Flink Architecture Overview - JobManager

A JobManager provides the following functions:

It transforms a JobGraph into an ExecutionGraph for eventual execution.
It provides a Scheduler to schedule tasks.
It provides a checkpoint coordinator to adjust the checkpointing of each task, including the checkpointing start and end times.
It communicates with the TaskManager through the Actor System.
It provides recovery metadata used to read data from metadata while recovering from a fault.

Flink Architecture Overview - TaskManager

TaskManager is responsible for executing tasks. It is started after the JobManager applies for resources. It has the following components:

Memory and I/O manager used to manage the memory I/O
Network Manager used to manage networks
Actor System used to implement network communication

TaskManager is divided into multiple task slots. Each task runs within a task slot. A task slot is the smallest unit for resource scheduling.

Let's have a look at Flink's Standalone mode to better understand the architectures of YARN and Kubernetes.

In Standalone mode, the master node and TaskManager may run on the same machine or on different machines.
In the master process, the Standalone ResourceManager manages resources. On submitting a JobGraph to the master node through a Flink cluster client, the JobGraph is first forwarded through the Dispatcher.
After receiving a request from the client, the Dispatcher generates a JobManager. The JobManager applies for resources from the Standalone ResourceManager and then starts the TaskManager.
The TaskManager initiates registration after startup.

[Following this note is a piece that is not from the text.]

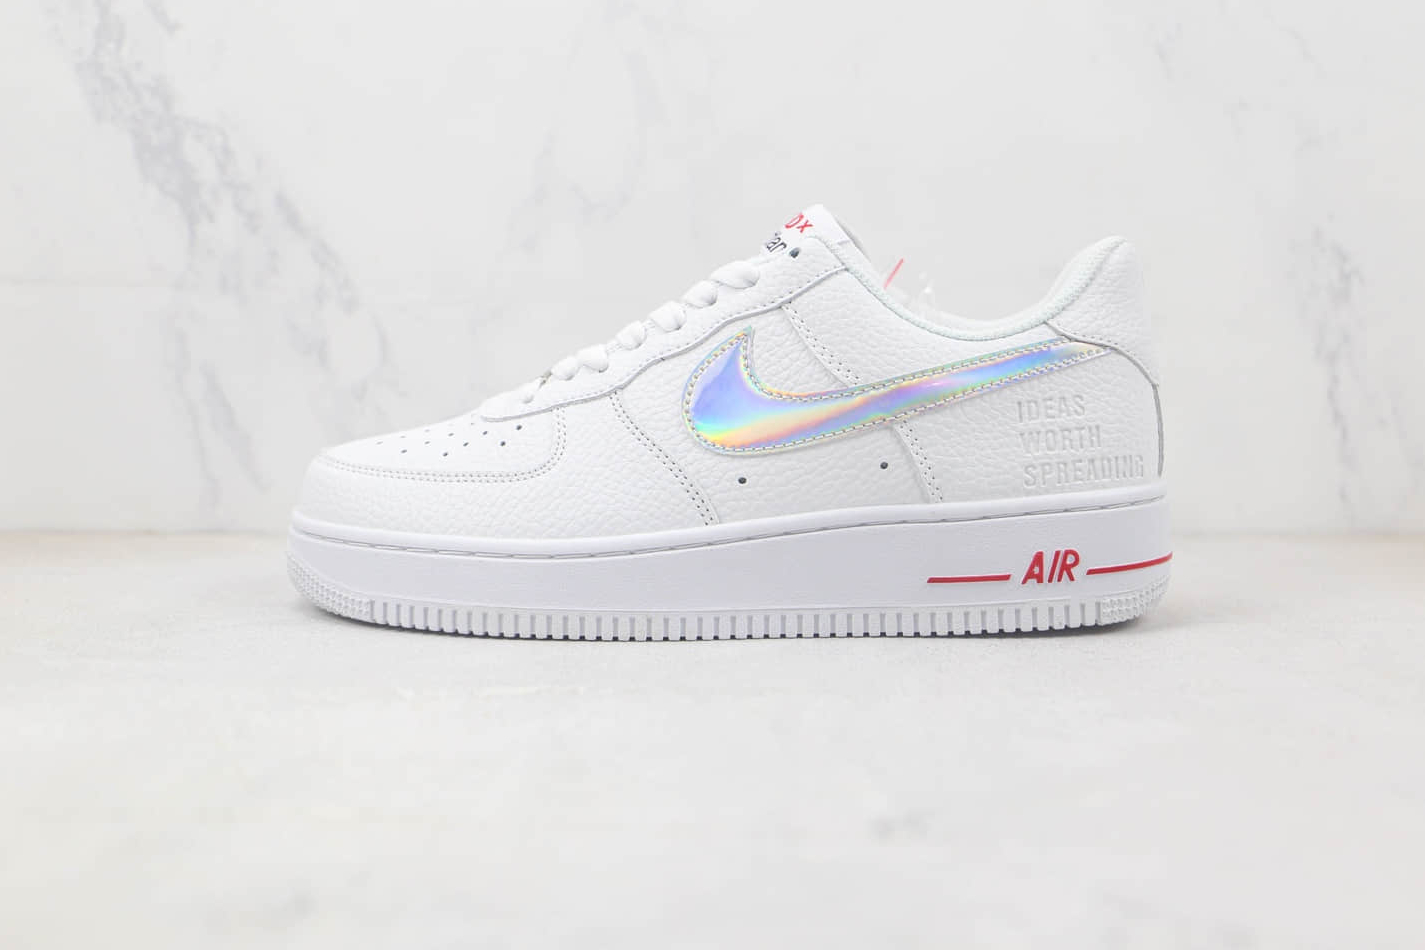 TED x Portland x Nike Air Force 1 07 Low White Multi-Color DD8959-705 - Limited Edition Collaboration
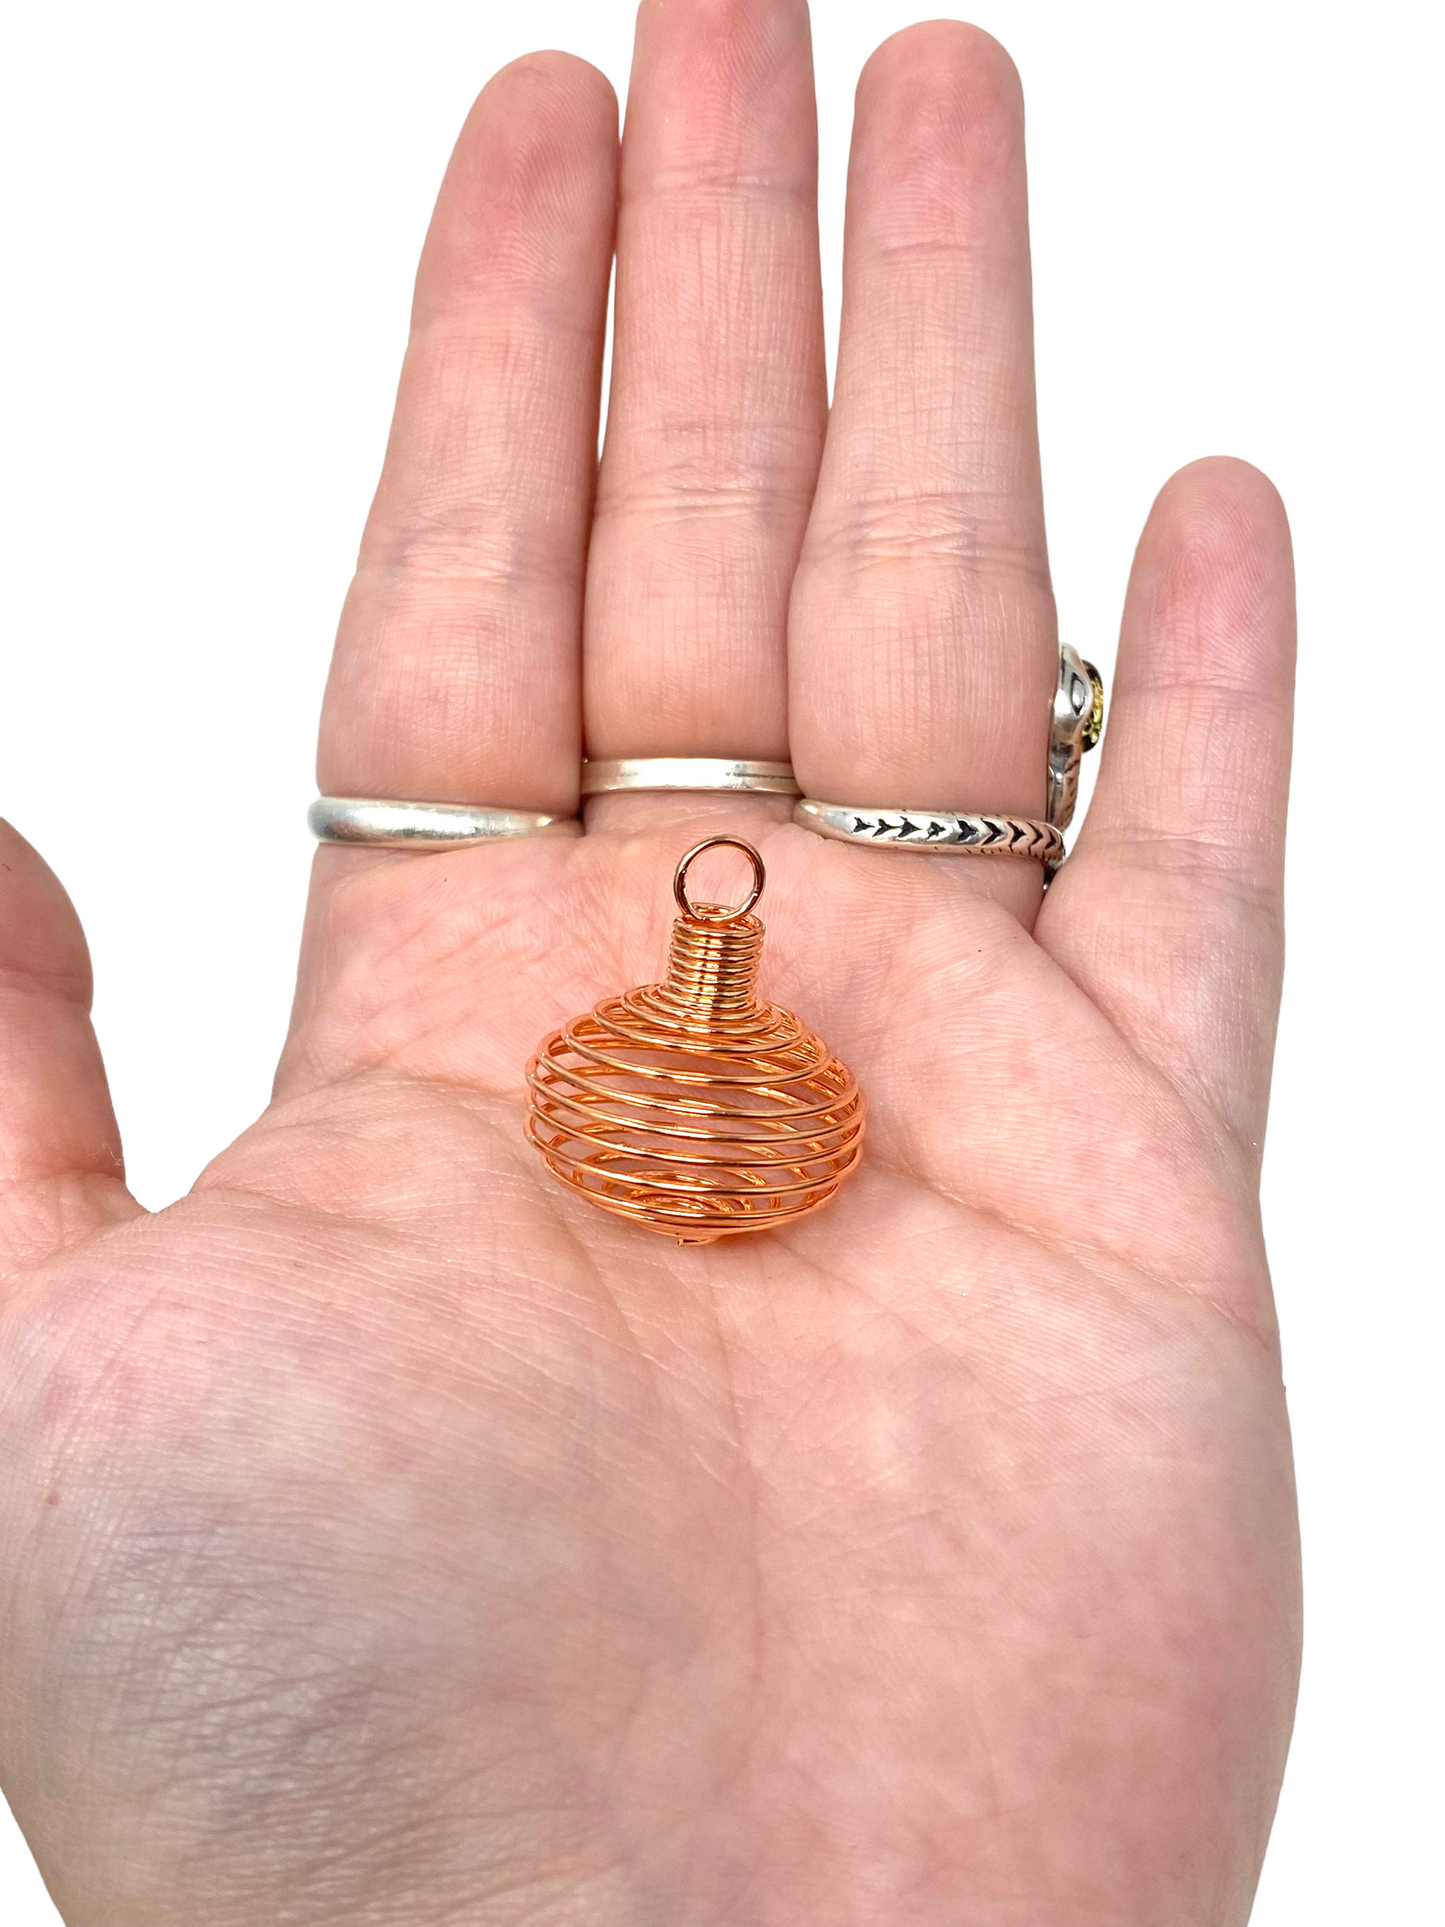 1 1/2” Empty Spring Cage Pendant in Gold, Silver and Copper

After registration is completed, the JobManager allocates tasks to the TaskManager for execution. This completes the job execution process in Standalone mode.

Flink Runtime-related Components

This section summarizes Flink's basic architecture and the components of Flink runtime.

A client allows submitting jobs through SQL statements or APIs. A JobGraph is generated after a job is submitted.
After receiving a request, JobManager schedules the job and applies for resources to start a TaskManager.
The TaskManager is responsible for task execution. It registers with the JobManager and executes the tasks that are allocated by the JobManager.

Principles and Practices of Flink on YARN

YARN Architecture Overview

YARN is widely used in the production environments of Chinese companies. This section introduces the YARN architecture to help you better understand how Flink runs on YARN.

The preceding figure shows the YARN architecture. The ResourceManager assumes the core role and is responsible for resource management. The clients submit jobs to the ResourceManager.

After a client submits a job to the ResourceManager, the ResourceManager starts a container and then an ApplicationMaster, the two of which form a master node. After startup, the master node applies for resources from the ResourceManager, which then allocates resources to the ApplicationMaster. The ApplicationMaster schedules tasks for execution.

YARN Architecture - Components

A YARN cluster consists of the following components:

The ResourceManager processes client requests, starts and monitors the ApplicationMaster, monitors the NodeManager, and allocates and schedules resources. The ResourceManager includes the Scheduler and Applications Manager.
The ApplicationMaster runs on a worker node and is responsible for data splitting, resource application and allocation, task monitoring, and fault tolerance.
The NodeManager runs on a worker node and is responsible for single-node resource management, communication between the ApplicationMaster and ResourceManager, and status reporting.
Containers are used to abstract resources, such as memory, CPUs, disks, and network resources.

YARN Architecture - Interaction

This section describes the interaction process in the YARN architecture using an example of running MapReduce tasks on YARN.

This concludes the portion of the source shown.